Se coloca dentro de nuestro imaginario, dentro de nuestro sistema de creencias; y nos proporciona sostén.
Así como hacemos con un lápiz de afilada punta: lo tomamos y damos por hecho (por conocimiento práctico) que dejará un rastro de grafito sobre el papel, y con ello podemos escribir un texto o esbozar un paisaje, de la misma manera hacemos con la naturaleza.
Asumimos que está ahí. Afuera, en la lejanía. Disponible para cuando queramos regresar a ella.
La concebimos inmaculada e inmutablemente cíclica.
La idealizamos como la guarida donde podremos re-encontrar la vida.
Pero, ¿vive?
En nuestro ensimismamiento digital/urbano/consumista, damos por sentado un precepto: la naturaleza "se repara sola". Lo vivo se mantendrá vivo, y mientras yo aguardo en mi citadina caverna, veo "las sombras" de lo que acontece fuera.
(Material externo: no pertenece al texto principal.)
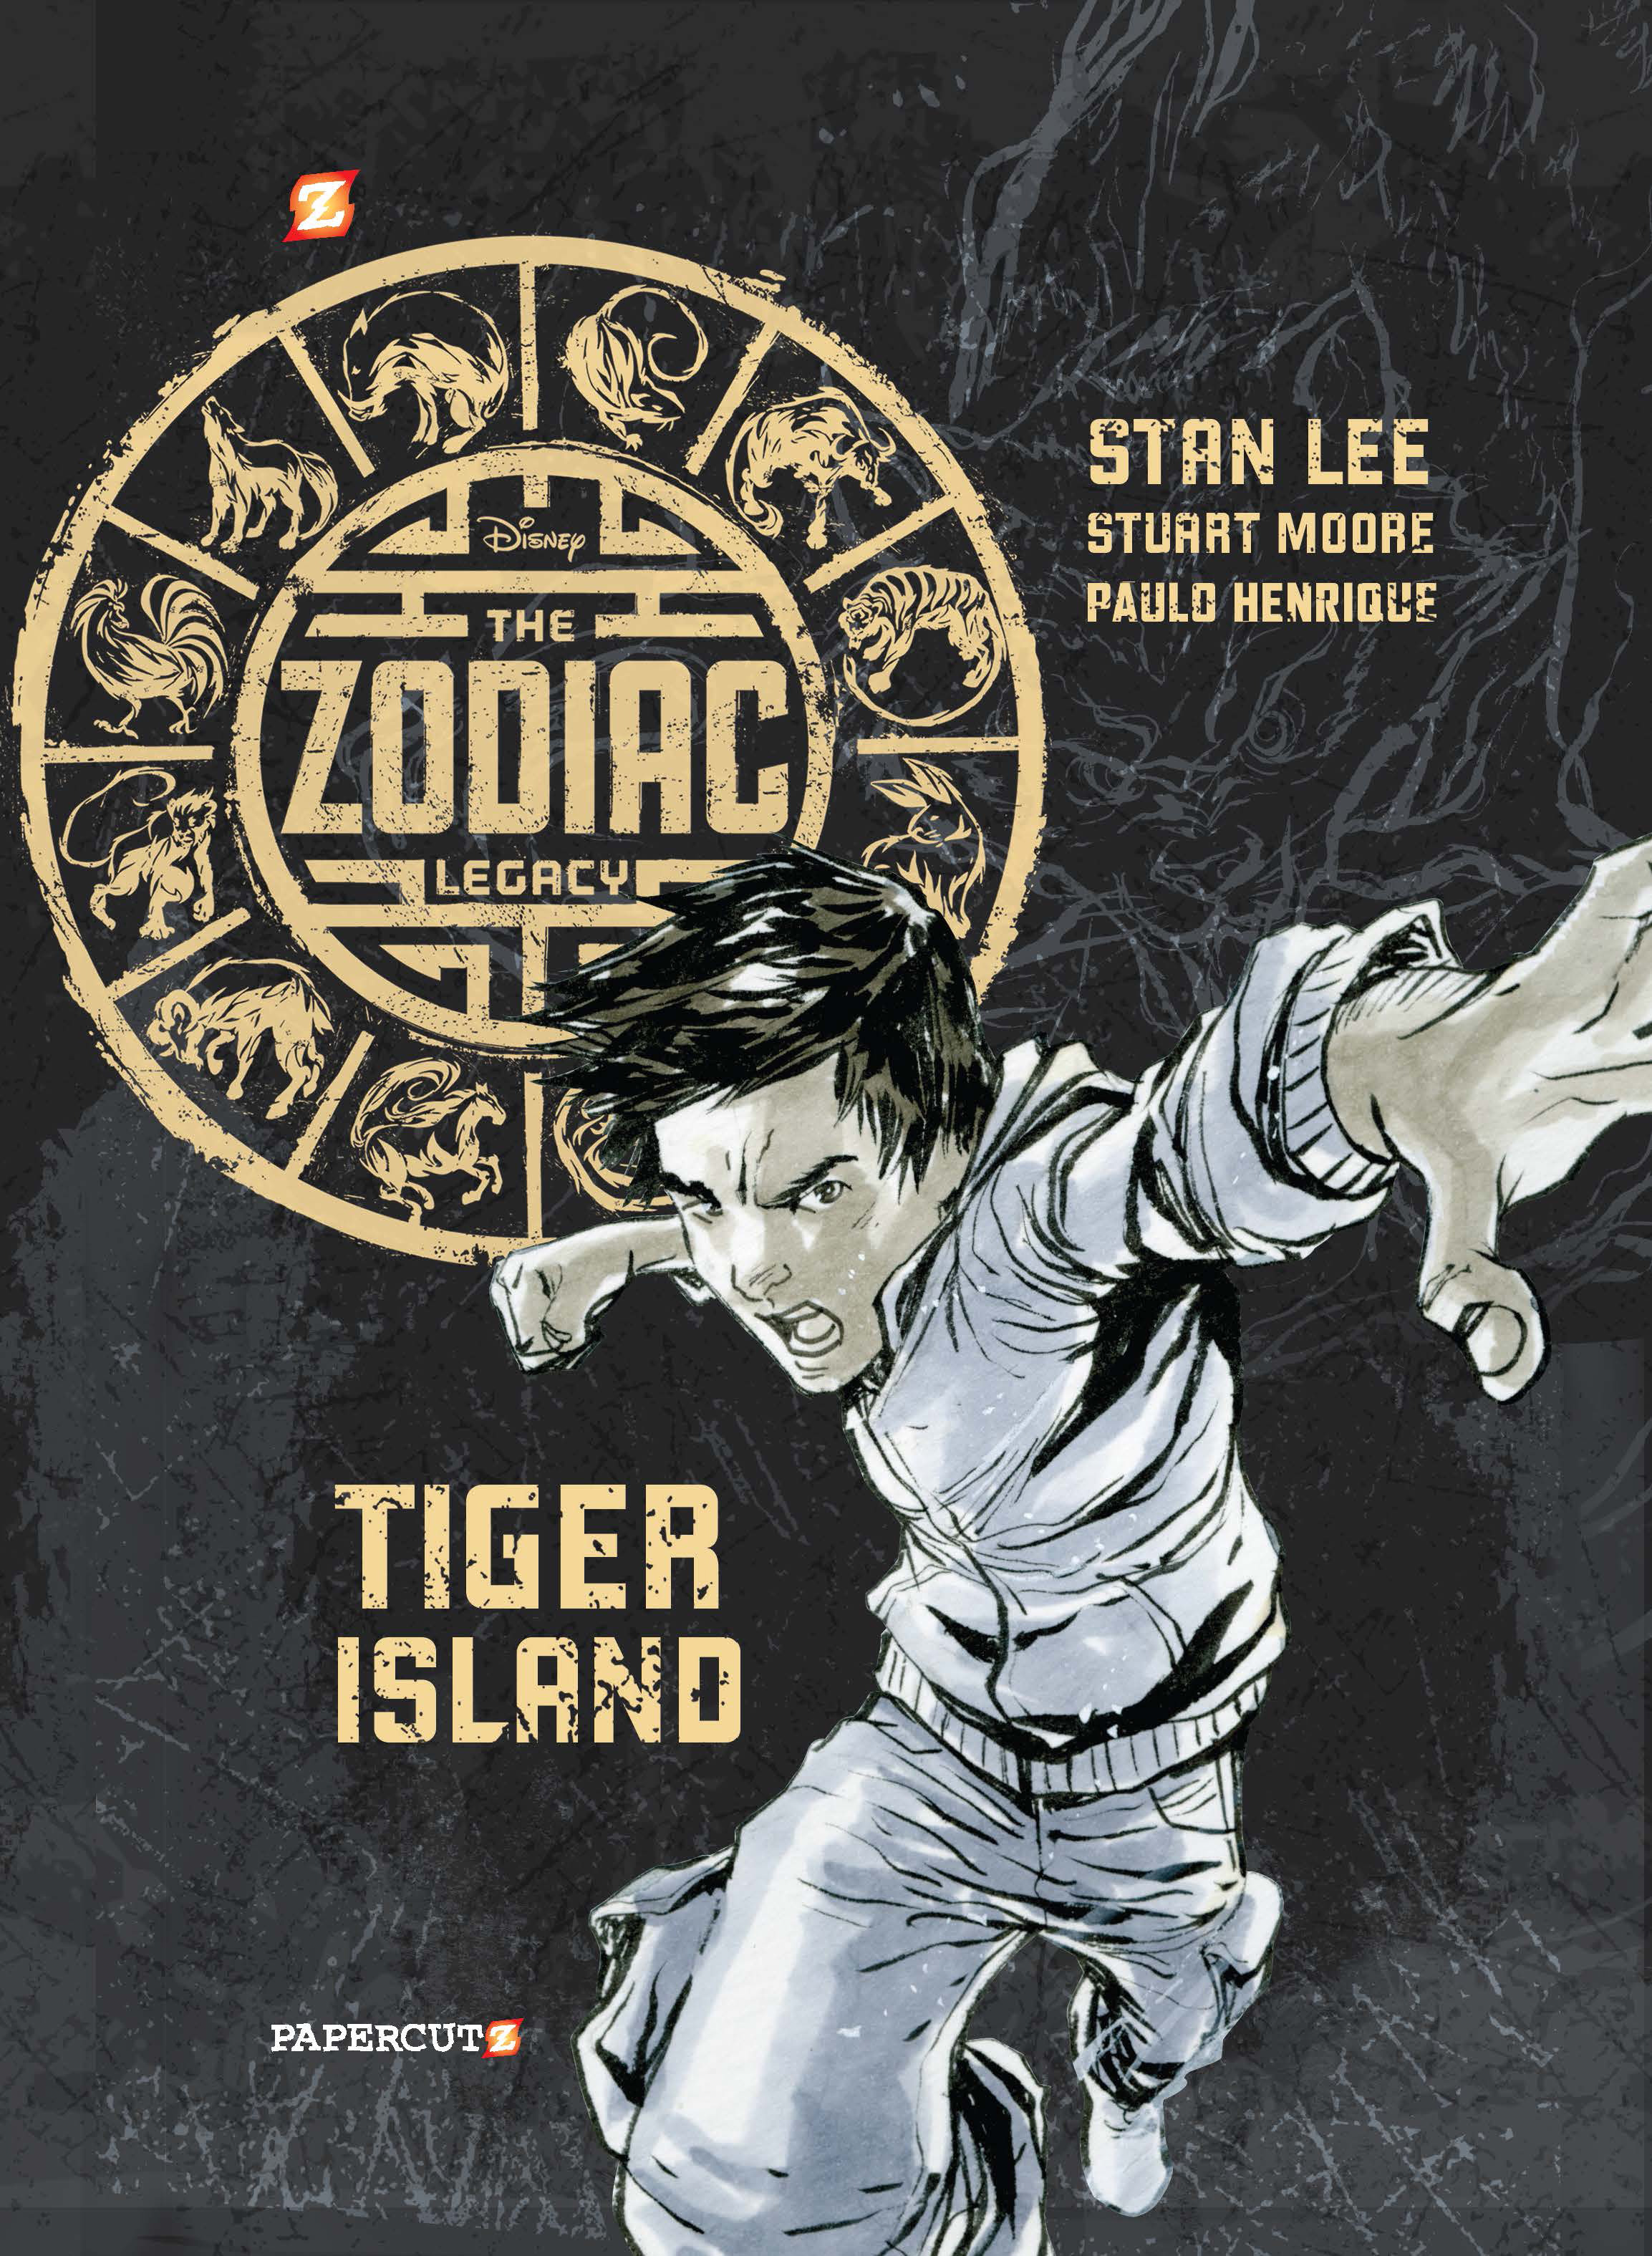 The Zodiac Legacy #1: Tiger Island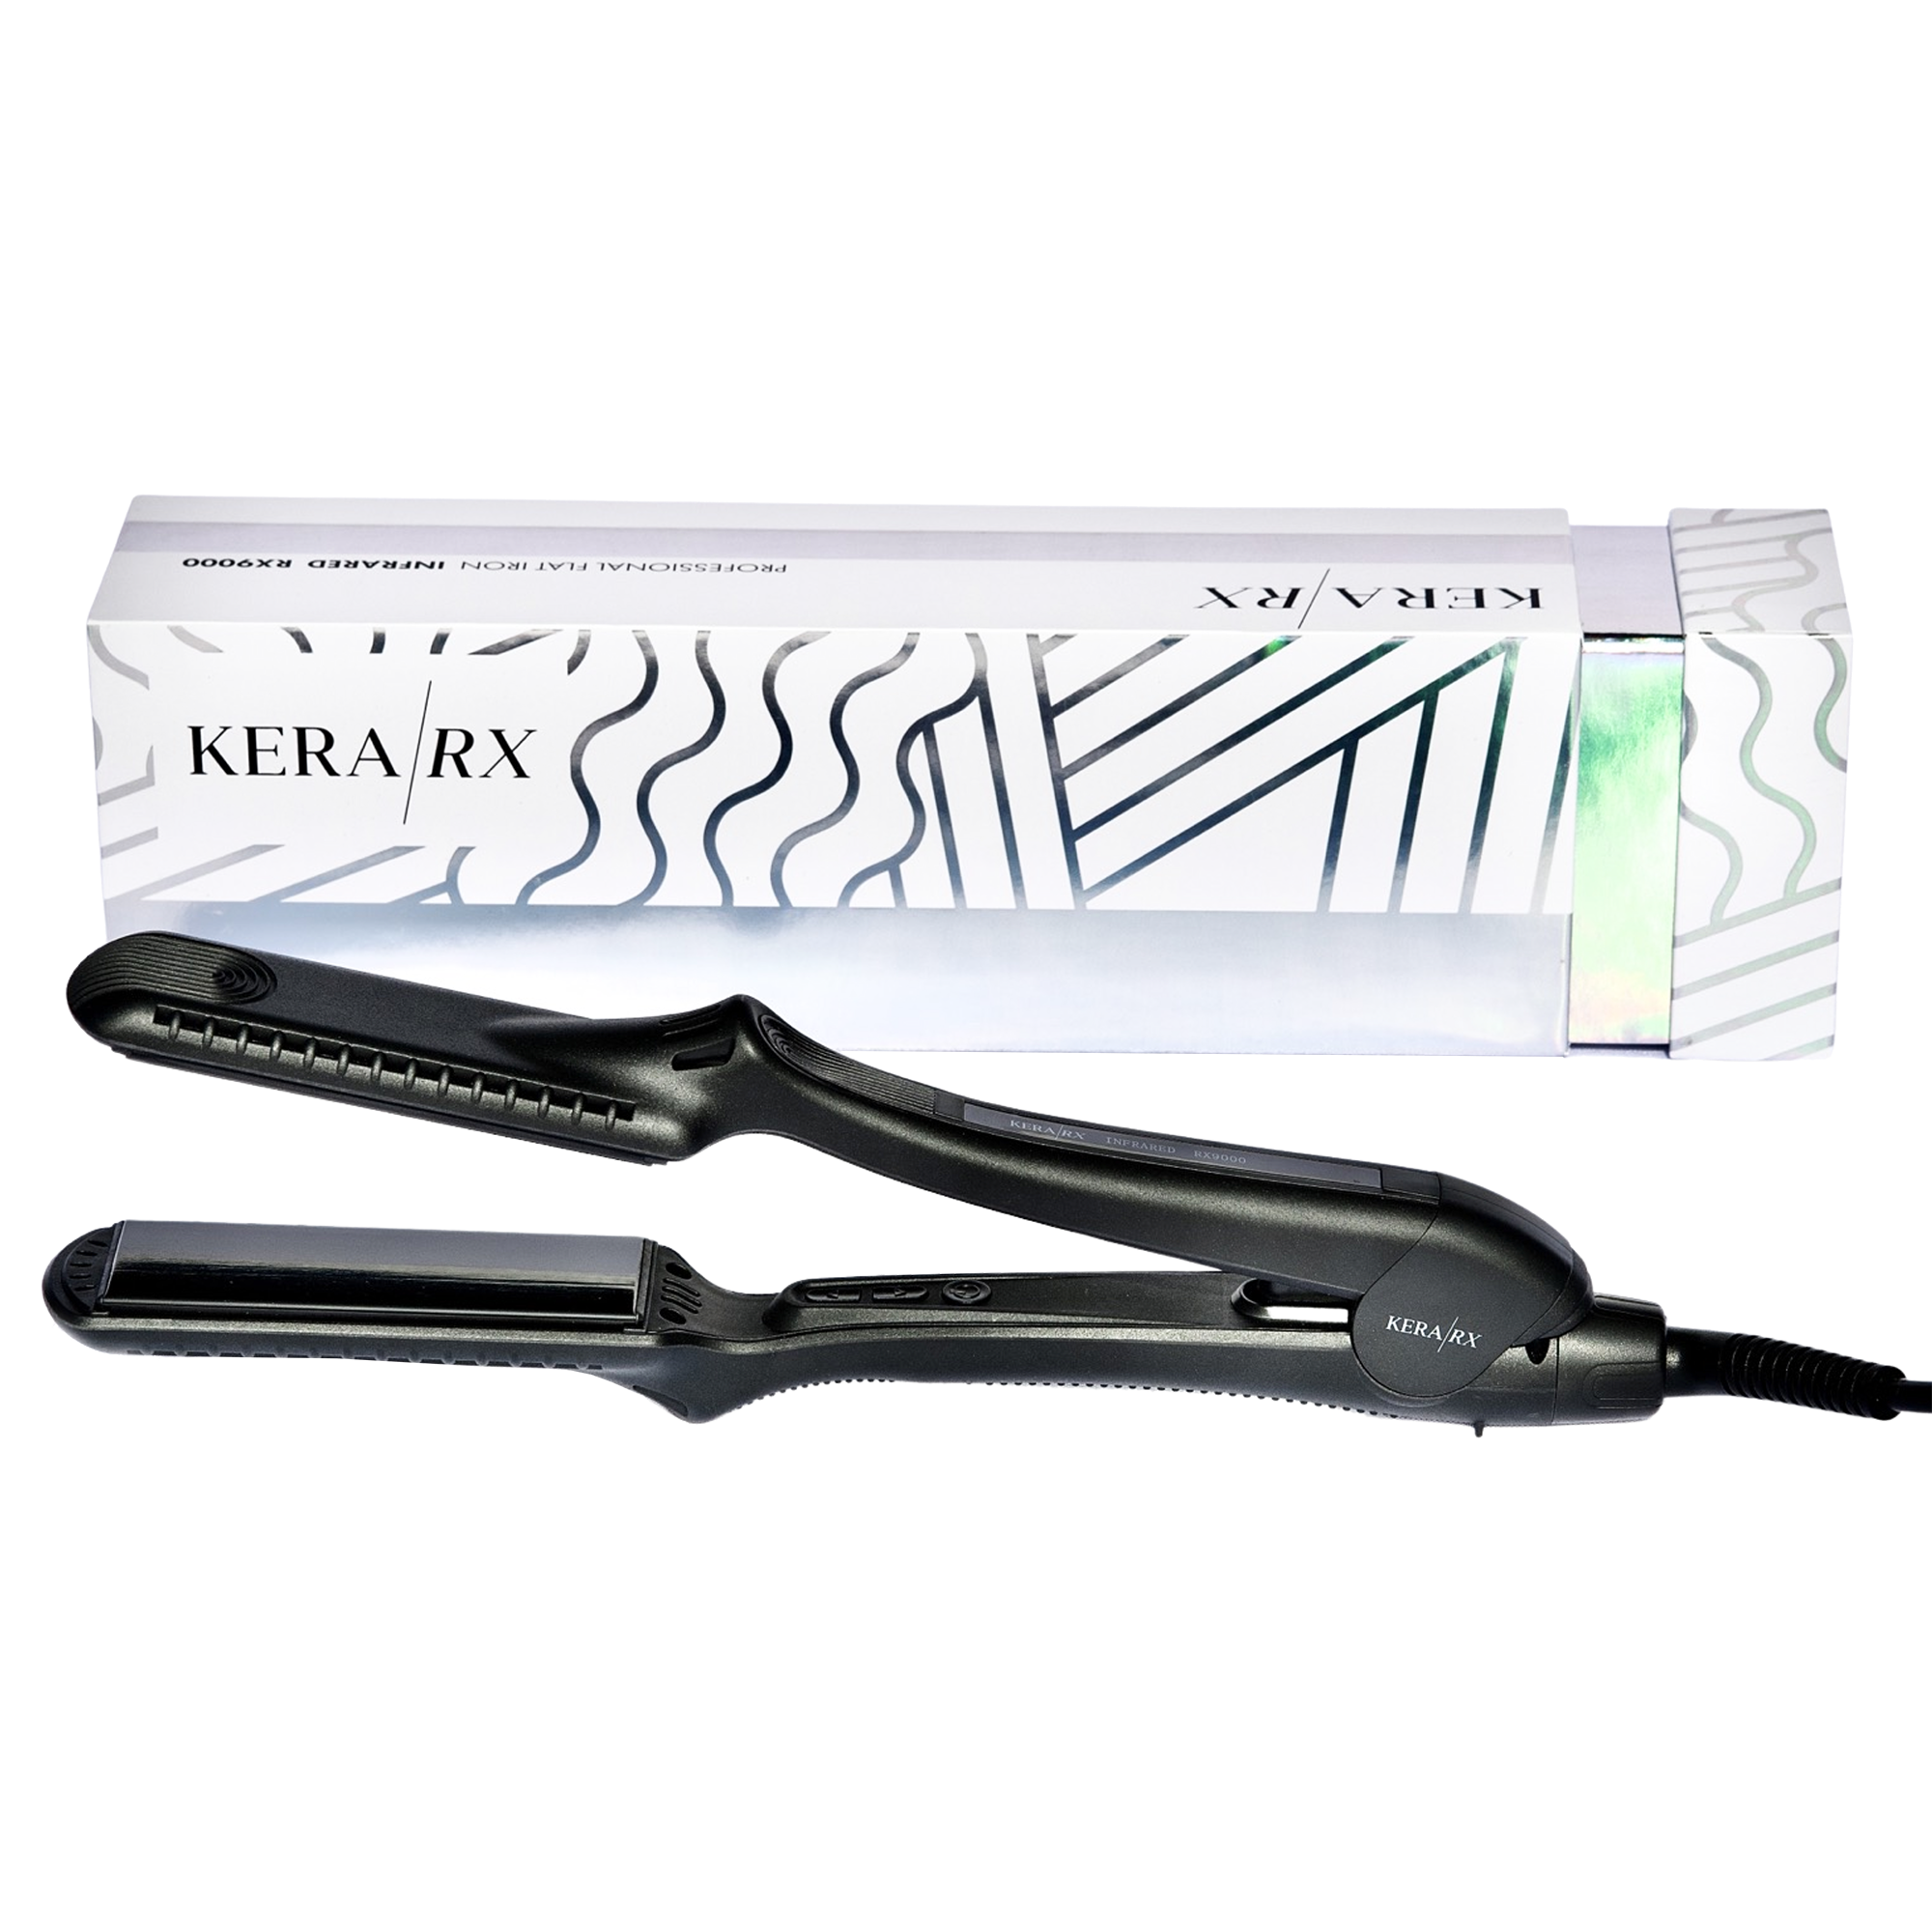 KeraRx Professional Flat Iron | INFRARED RX 9000 | Kera/RX Haircare

La modernidad trajo consigo la fusión de dos conceptos mutuamente excluyentes.
Olvido y Materia.
En un ejercicio (en desconocimiento) transdiciplinario, el nivel físico y el nivel lingüístico llegarían a la transmutación mercantil y consumista que nos mantiene sumergidos en un mar de agonía social y natural: olvida lo que existe.
Creencia natura
Fundamentamos nuestras acciones en la "creencia" que la naturaleza continúa viva.
.
Jamás abandonamos el concepto de ciudades amuralladas, como en la edad antigua. Siendo ahora que, en lugar de protegernos de agentes externos, nos sirven de gruesos muros del olvido. Desechamos todo aquello que no queremos ver.
Consumimos. Vertemos. Tiramos. Colocamos en bolsas plásticas, selladas, objetos que (asumimos) desaparecerán, allá afuera. Allá donde la naturaleza, contradictoriamente, nos aguarda.
Construimos una realidad en torno a un concepto que invalida todo aquello que nos rodea: lo desechable.
Desechable. Desechable. Desechable. Desechable. Desechable.
Crédulamente incorporamos este génesis del exterminio, de la devastación, y vivimos tranquilos con ello.
Desechamos personas. Desechamos objetos. Desechamos nuestros propios cuestionamientos. Desechamos el ejercicio de pensar, de la chispa que nos lleva a preguntar si lo que se nos presenta "como usual y verdadero" se justifica. Sesgo epistemológico. Limitamos nuestro mundo y nuestra experiencia humana al (contradictoriamente) incluir una palabra en nuestro ideario.
Desechar. Des. Hecho.
Y lo creemos. Damos por hecho que es cierto: que es verdadero y es justificable.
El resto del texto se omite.